One must consider the study limitations while interpreting study findings. Non-response rates were 36 % and 45 % at 2- and 5-years, respectively, which could have potentially affected the study findings. We decided a priori not to impute values for missing data, since this was a validation study, and we wanted to only use real data. It is unclear to us, whether it strengthened or weakened study findings, since we are unaware of the impact of non-response on validation statistics. These findings may therefore be generalizable only to patients who regularly respond to post-arthroplasty surveys. The overall revision rate in the cohort is low, and we may have missed significant findings due to the rarity of this outcome.

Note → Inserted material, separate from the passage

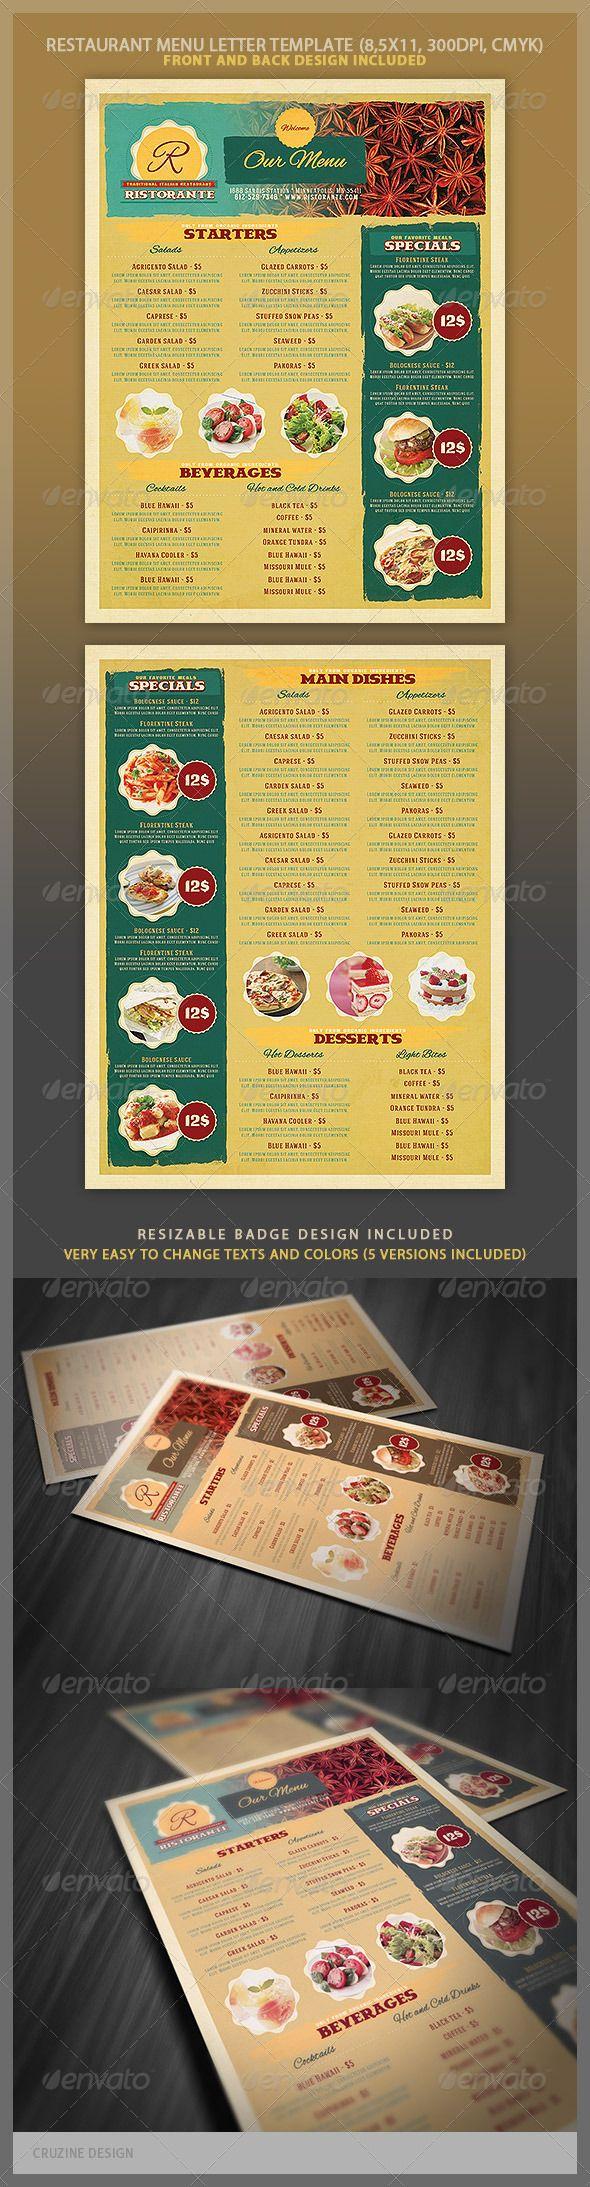 Restaurant Menu Template - http://graphicriver.net/item/restaurant-menu-template/4057527?ref=cruzine

So, what does this study add? There is already a large diversity of instruments being used in THA assessments [25], so why have another instrument? Several instrument in current use in arthroplasty have limited data on validity and reliability, and we provide assessment of validity and responsiveness of an instrument that has been in use in our Total Joint Registry for >3 decades and is patient self-administered. One challenge in post-arthroplasty outcome assessment is the use of several different outcome measures [25]. Harmonization of the THA outcome instrument use across arthroplasty studies would be a step forward and will allow comparison across studies. This effort is currently underway [26].